## EXERCISE DETAILS
Only the lines from the one containing "Miradouro de Santa" through the last line of the data below belong in your answer, copied exactly and without pictures.

## DATASET SECTION
------------------------------

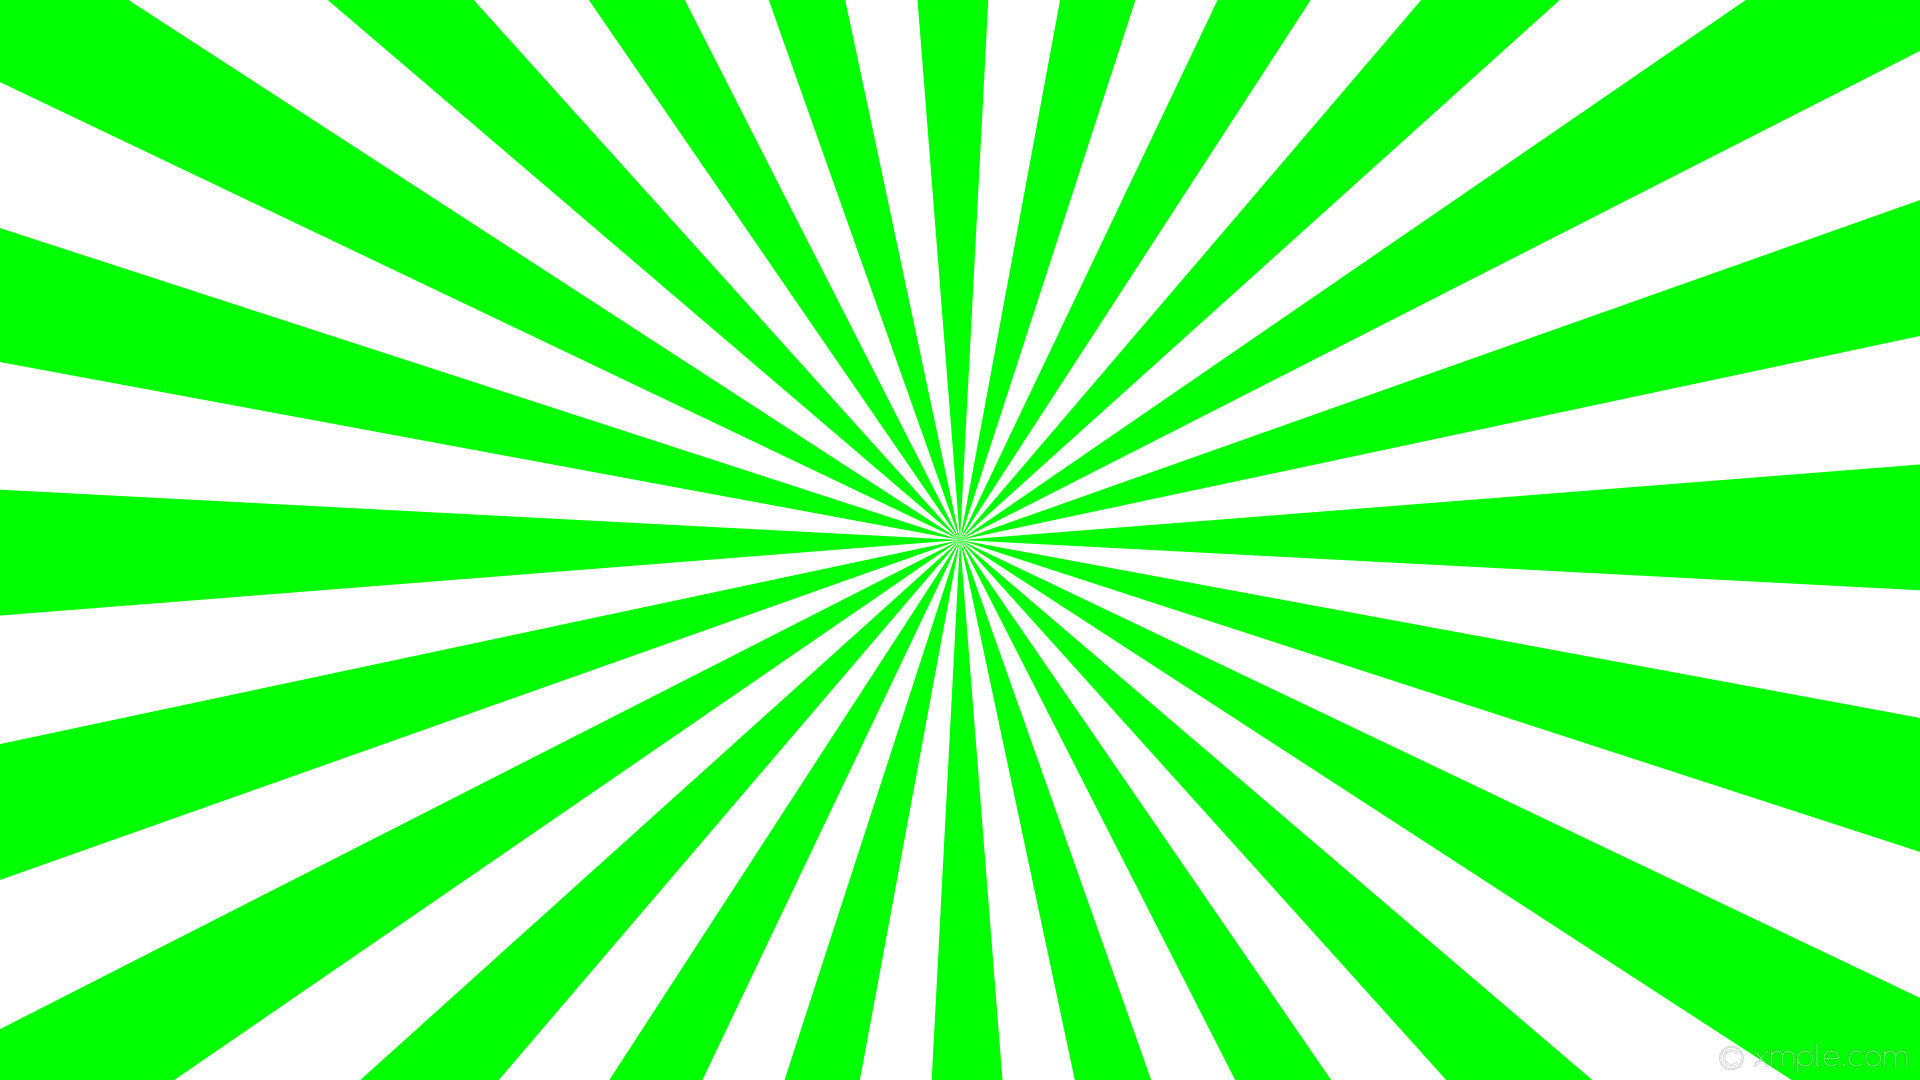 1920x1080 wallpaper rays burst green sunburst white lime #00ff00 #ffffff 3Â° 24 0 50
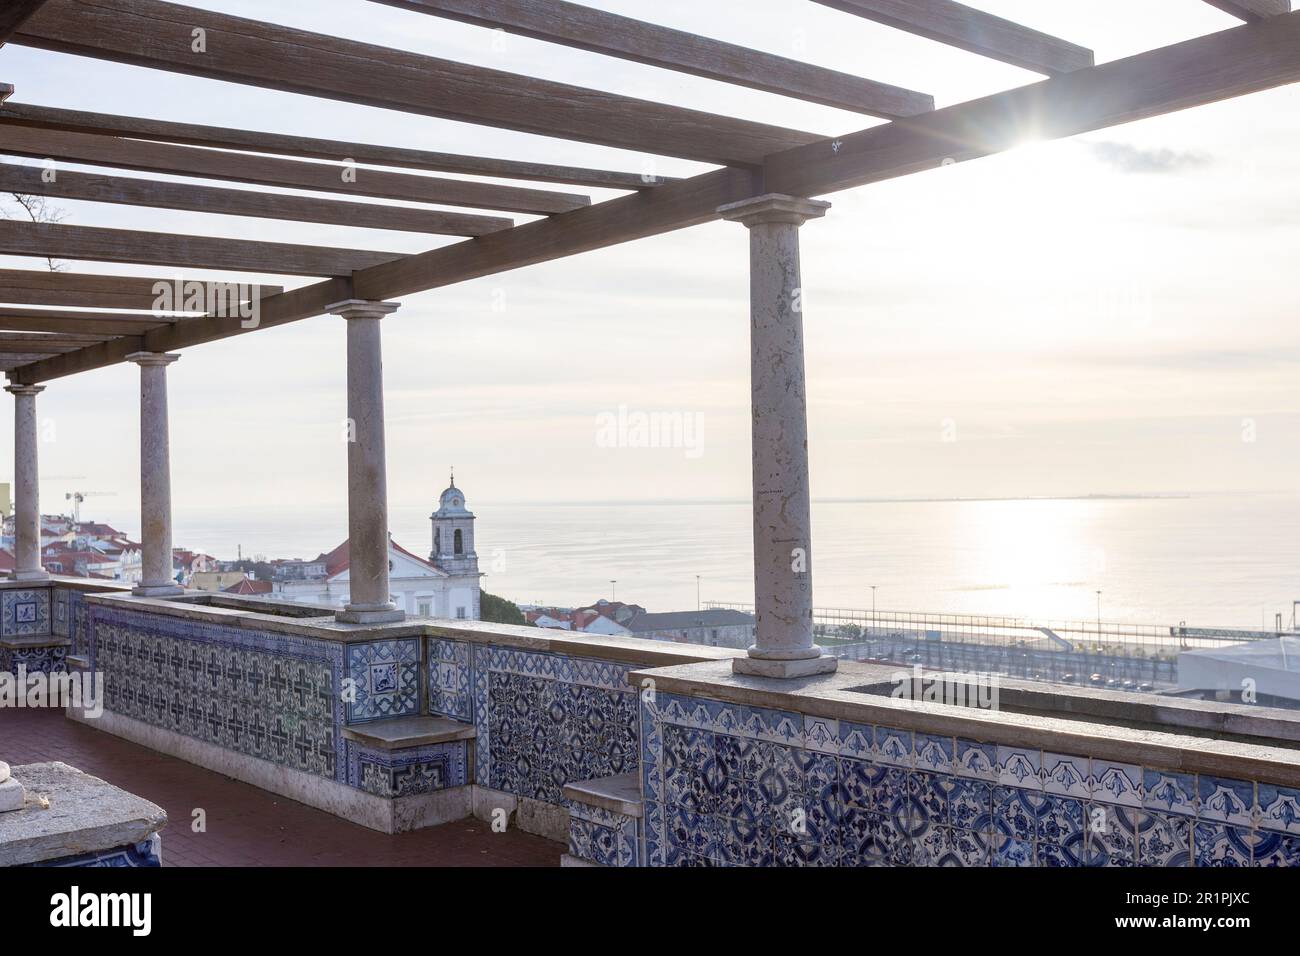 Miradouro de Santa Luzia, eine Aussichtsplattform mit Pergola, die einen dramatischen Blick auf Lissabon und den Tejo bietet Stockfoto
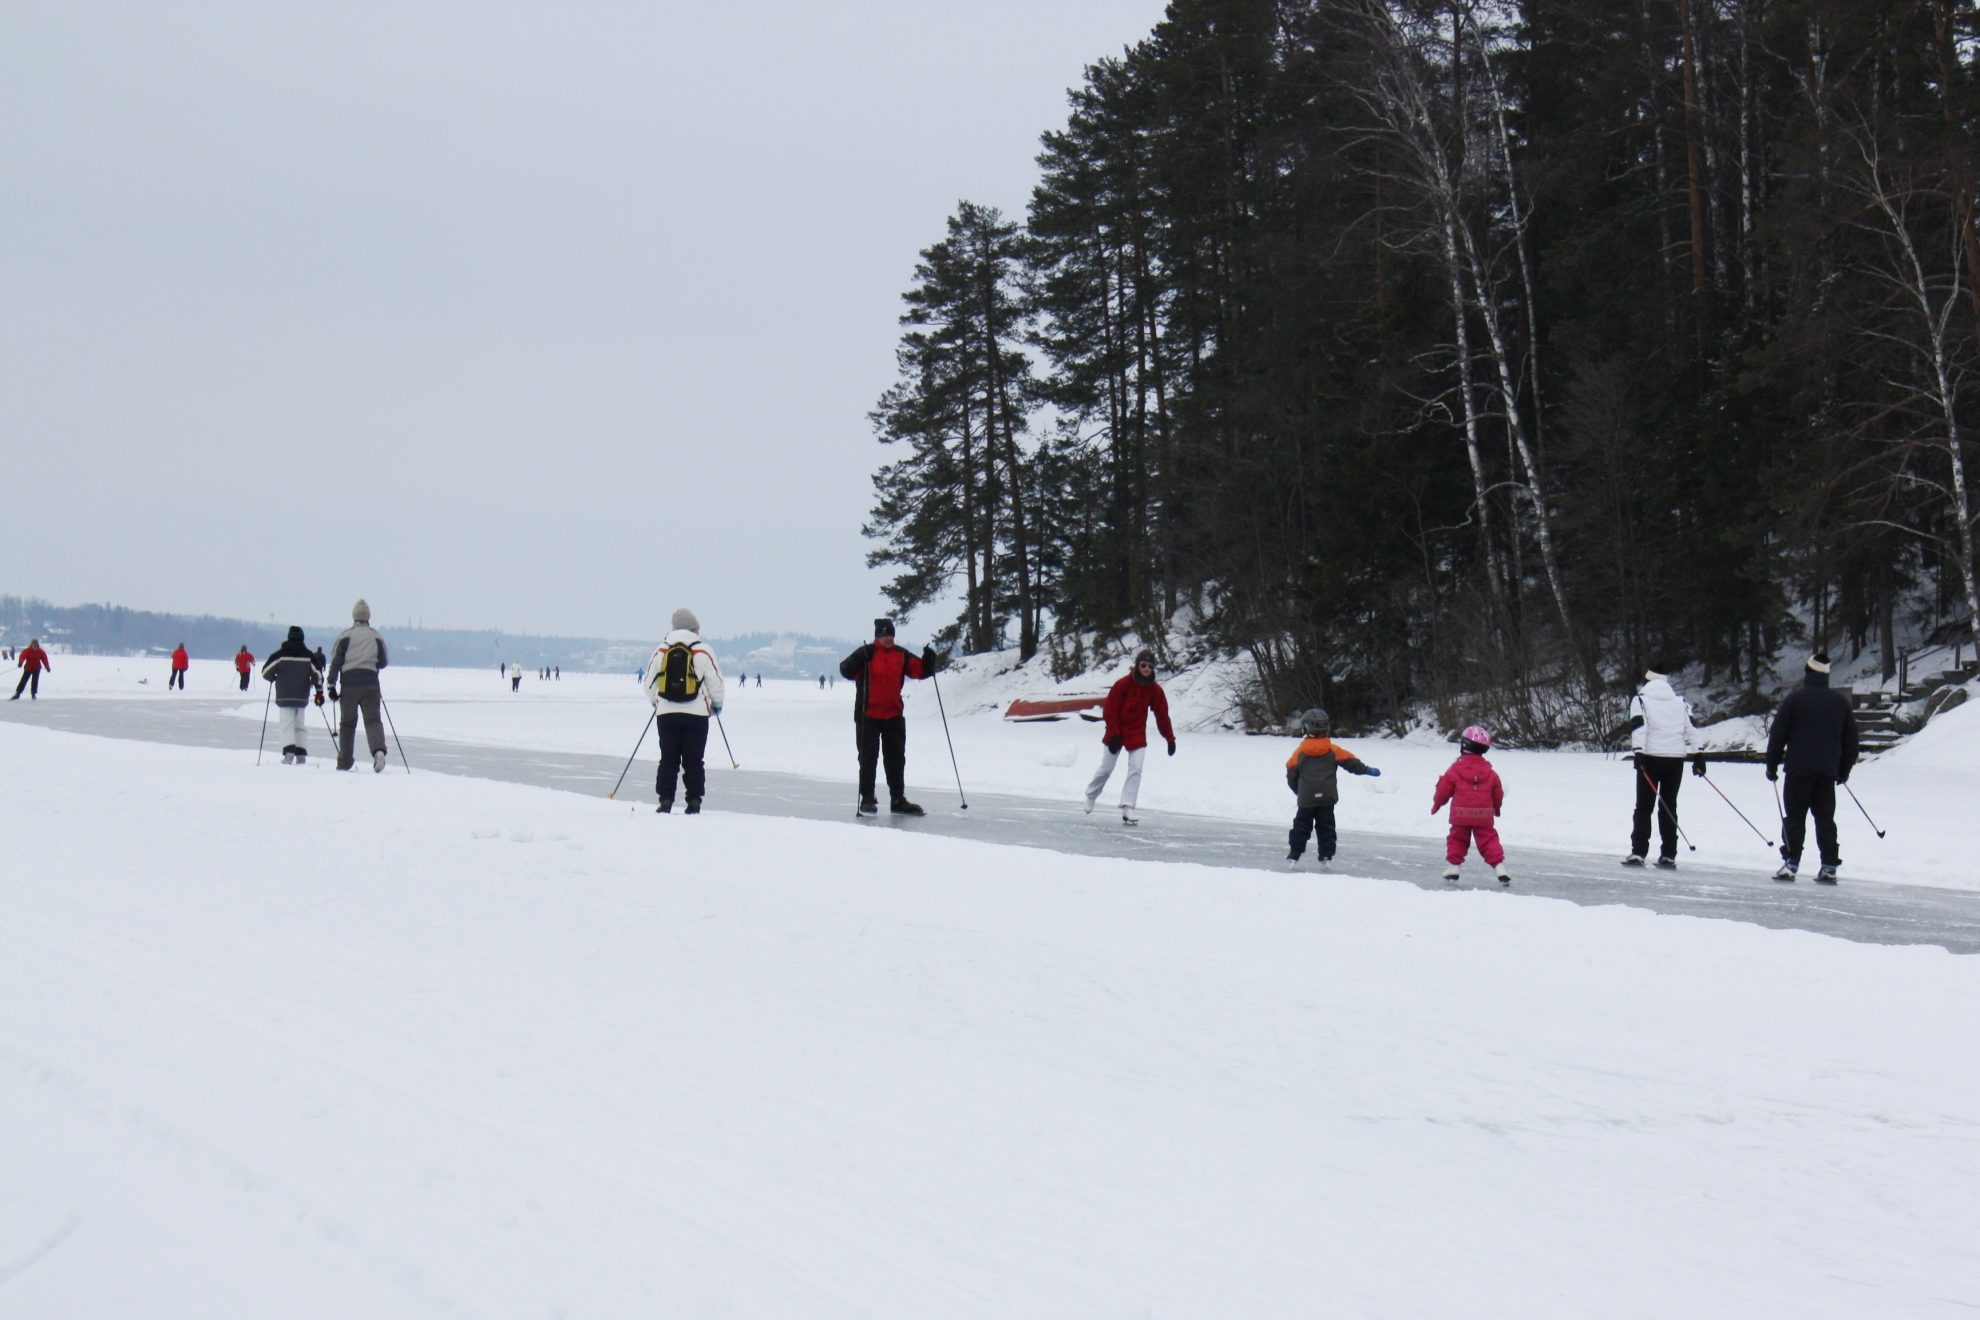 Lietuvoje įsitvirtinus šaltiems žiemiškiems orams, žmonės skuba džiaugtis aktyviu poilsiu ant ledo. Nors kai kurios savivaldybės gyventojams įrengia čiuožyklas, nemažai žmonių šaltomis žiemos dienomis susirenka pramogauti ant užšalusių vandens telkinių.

------------------------------

## OUTPUT OF THE TASK
 Miradouro de Santa Luzia, eine Aussichtsplattform mit Pergola, die einen dramatischen Blick auf Lissabon und den Tejo bietet Stockfoto
 Lietuvoje įsitvirtinus šaltiems žiemiškiems orams, žmonės skuba džiaugtis aktyviu poilsiu ant ledo. Nors kai kurios savivaldybės gyventojams įrengia čiuožyklas, nemažai žmonių šaltomis žiemos dienomis susirenka pramogauti ant užšalusių vandens telkinių.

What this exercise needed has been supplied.